» INFORMATION PROVIDED
BEGIN

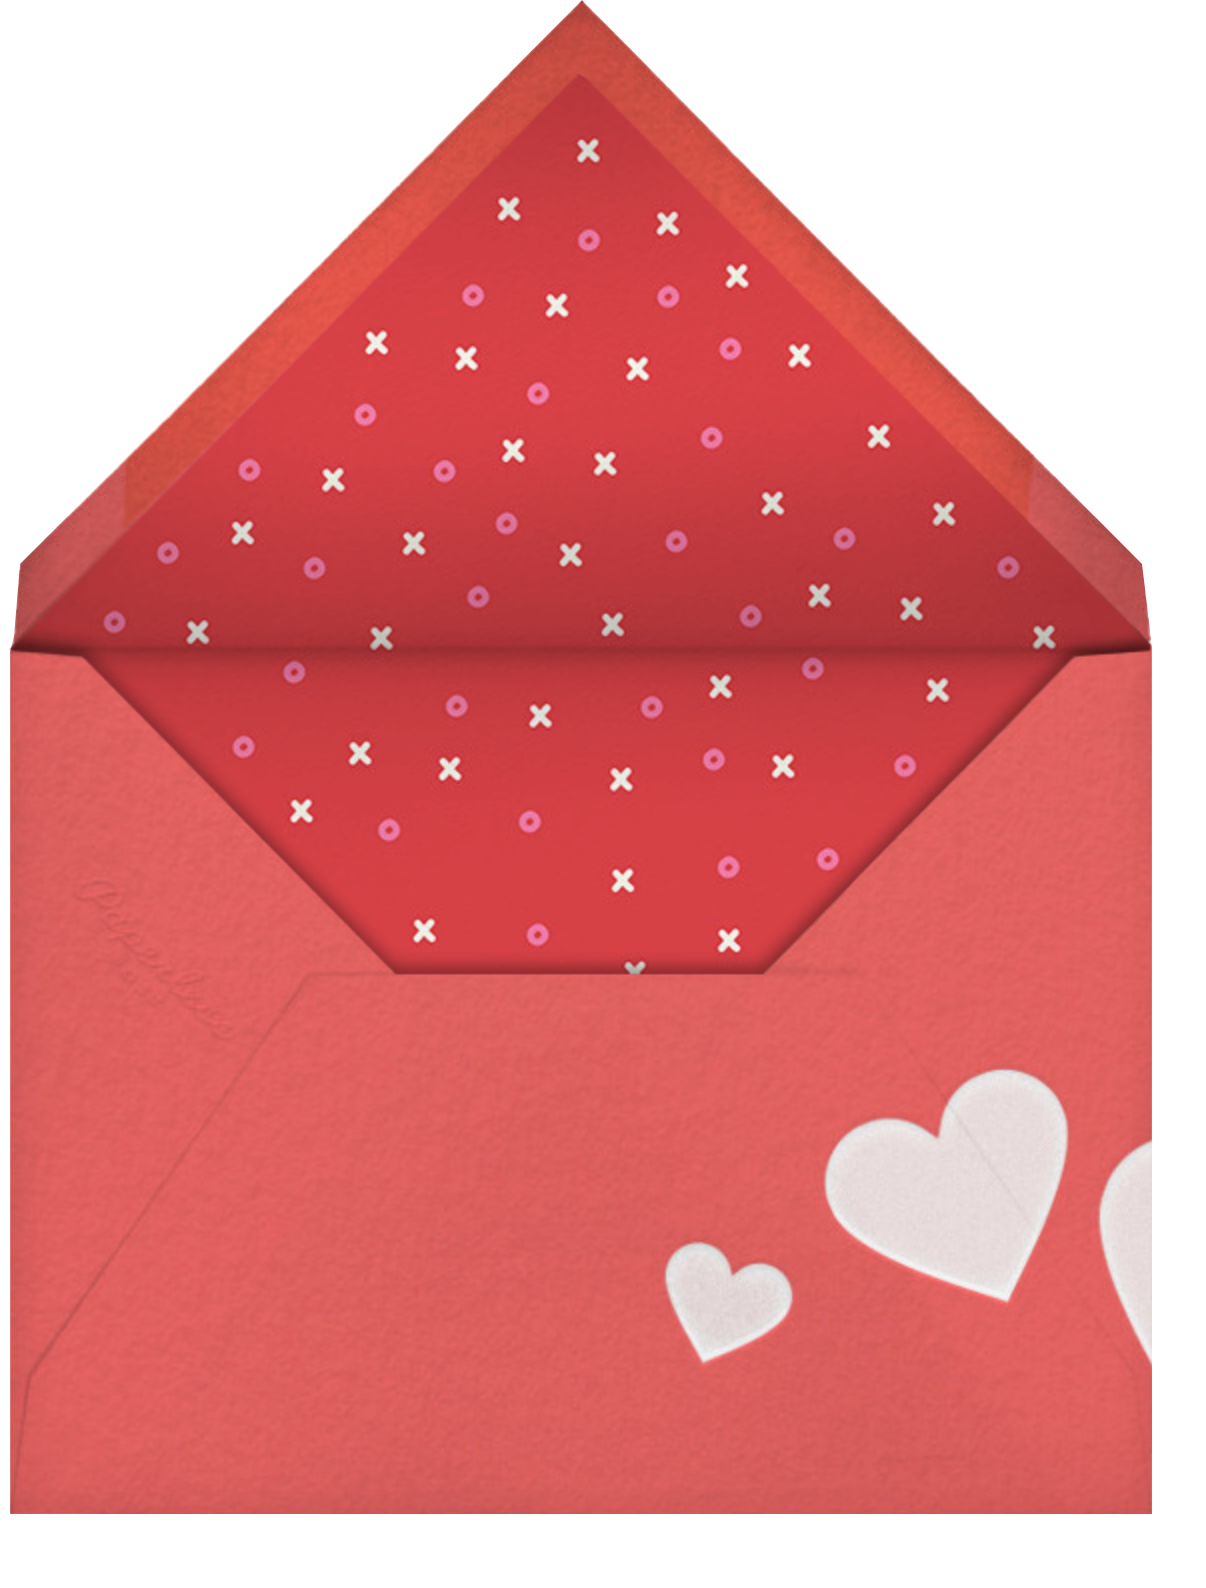 XOXO - Paperless Post - Envelope
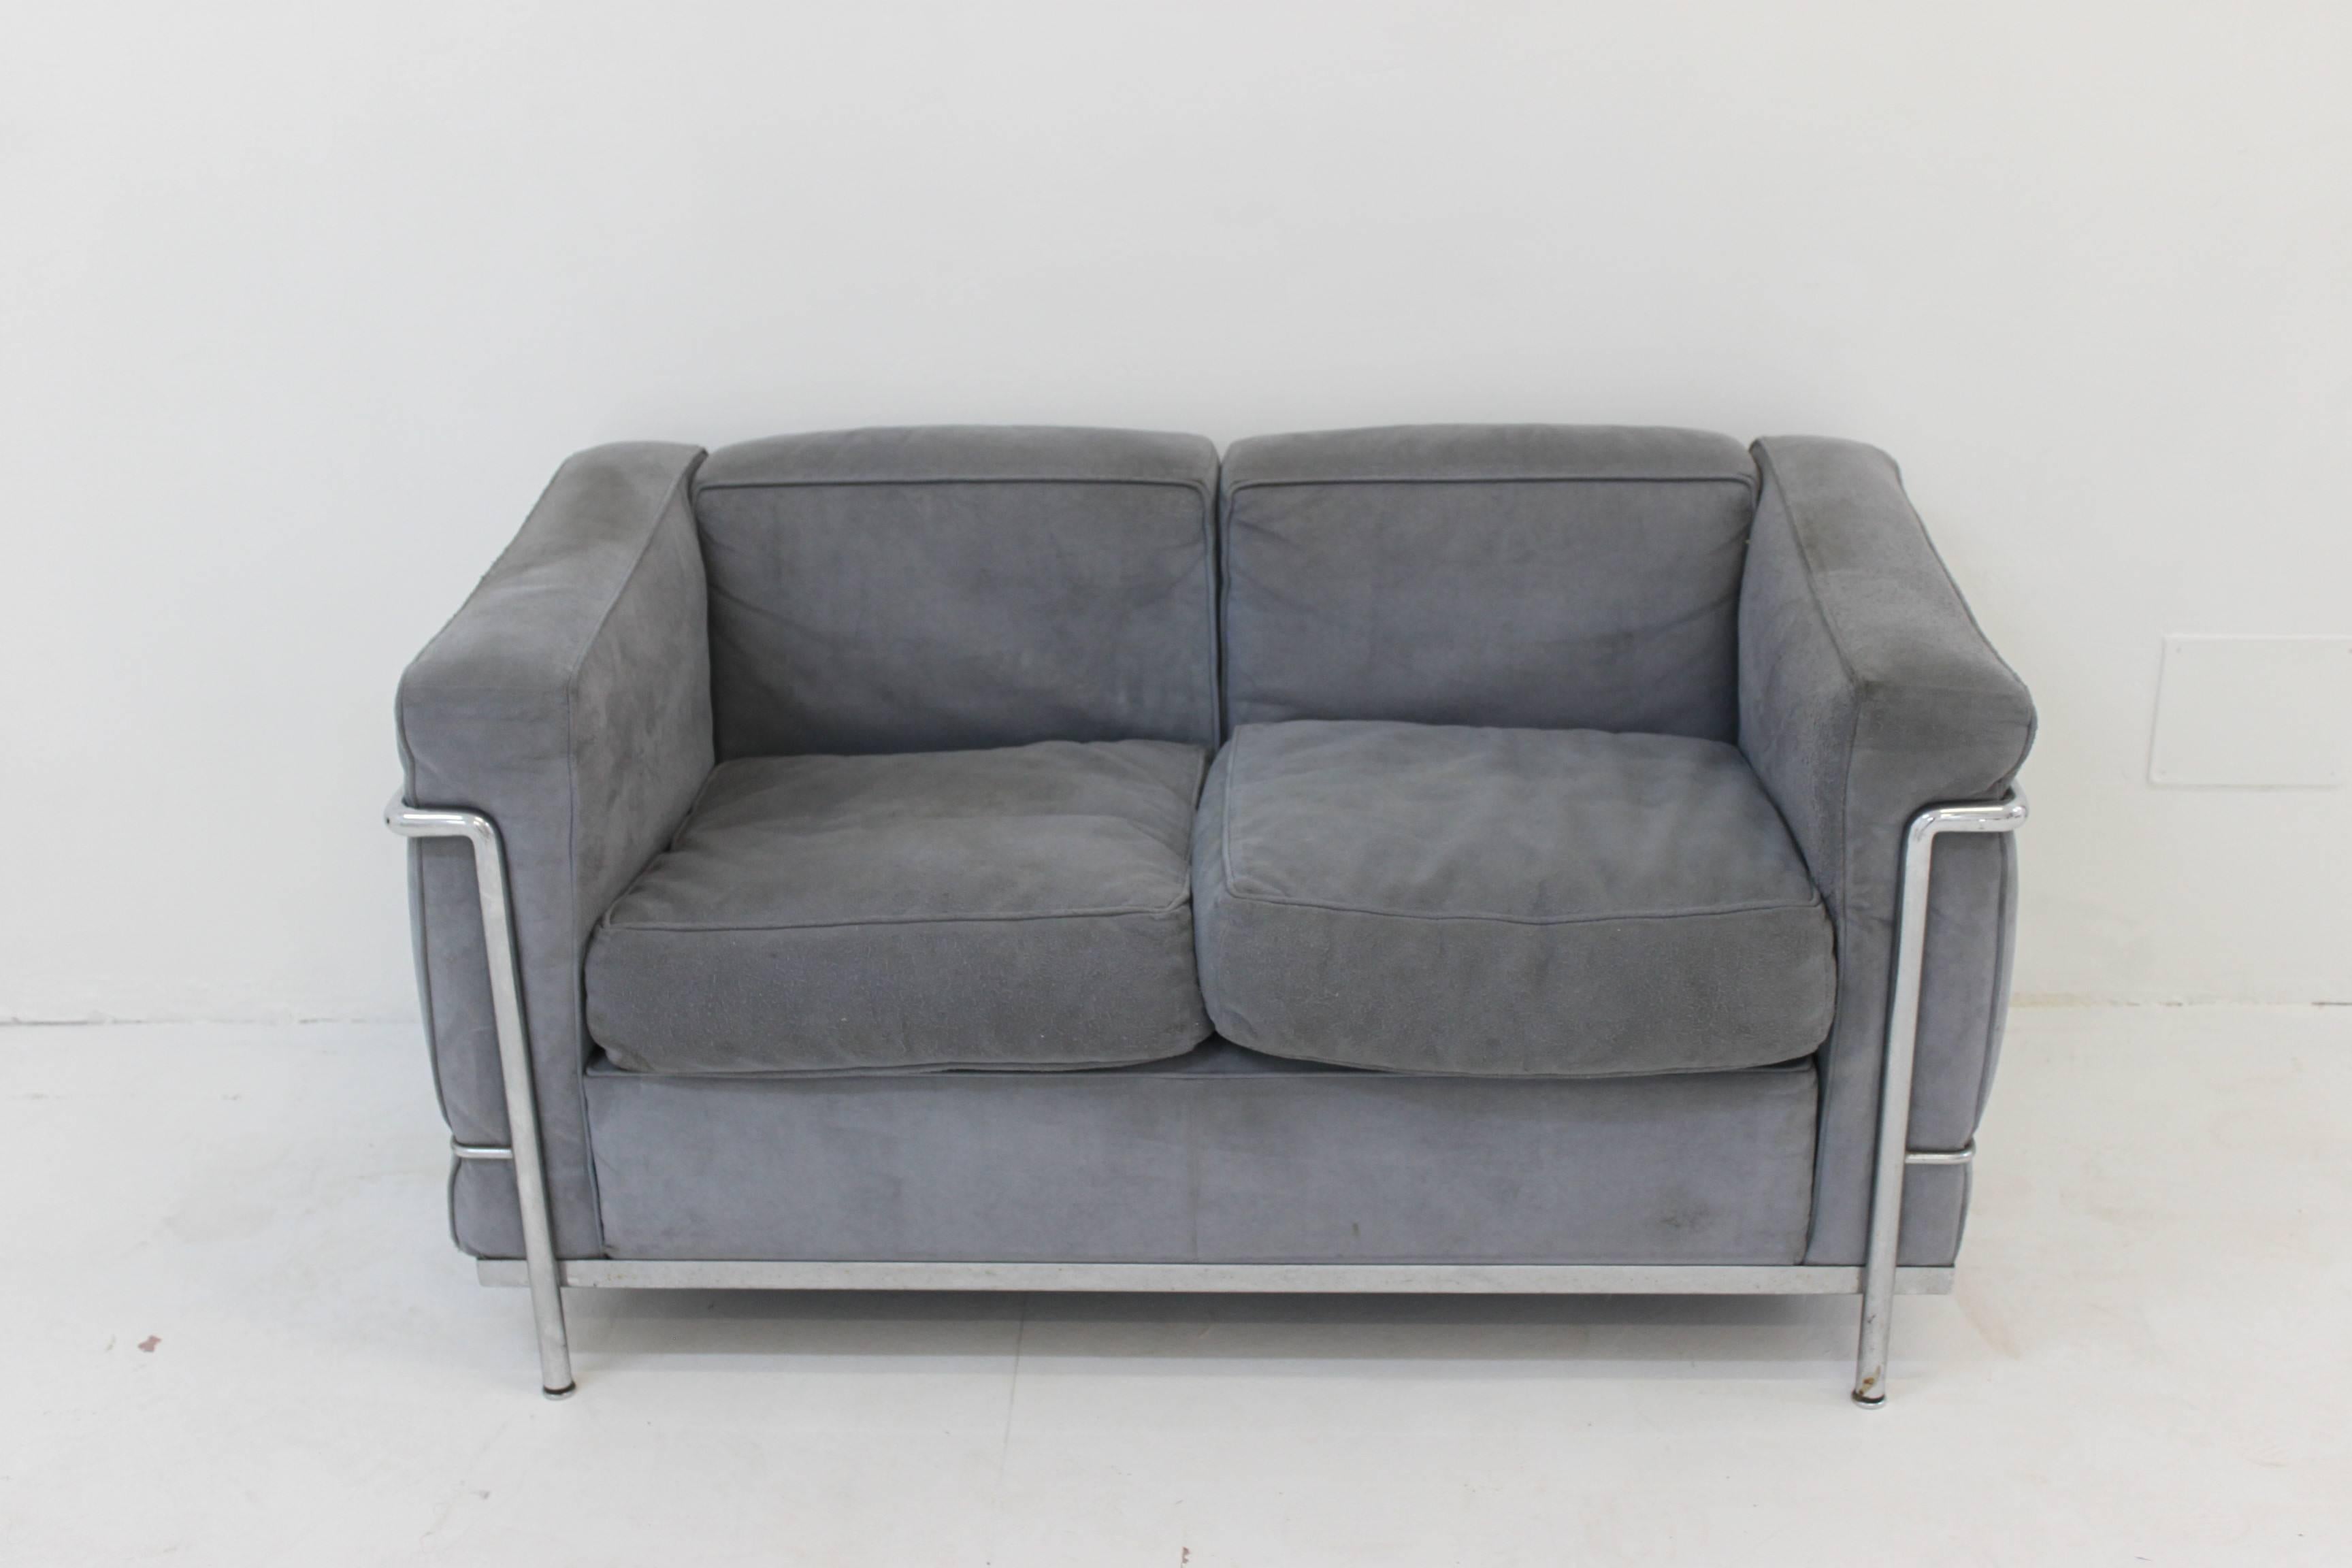 Two beautiful sofas designed by Le Corbusier for Cassina.
Pair of gray velvet sofas,
1960s.

END

» ABOUT THIS TASK
Please output the material above again, exactly, and omit every image.

» EXERCISE RESPONSE
 XOXO - Paperless Post - Envelope
 Two beautiful sofas designed by Le Corbusier for Cassina.
Pair of gray velvet sofas,
1960s.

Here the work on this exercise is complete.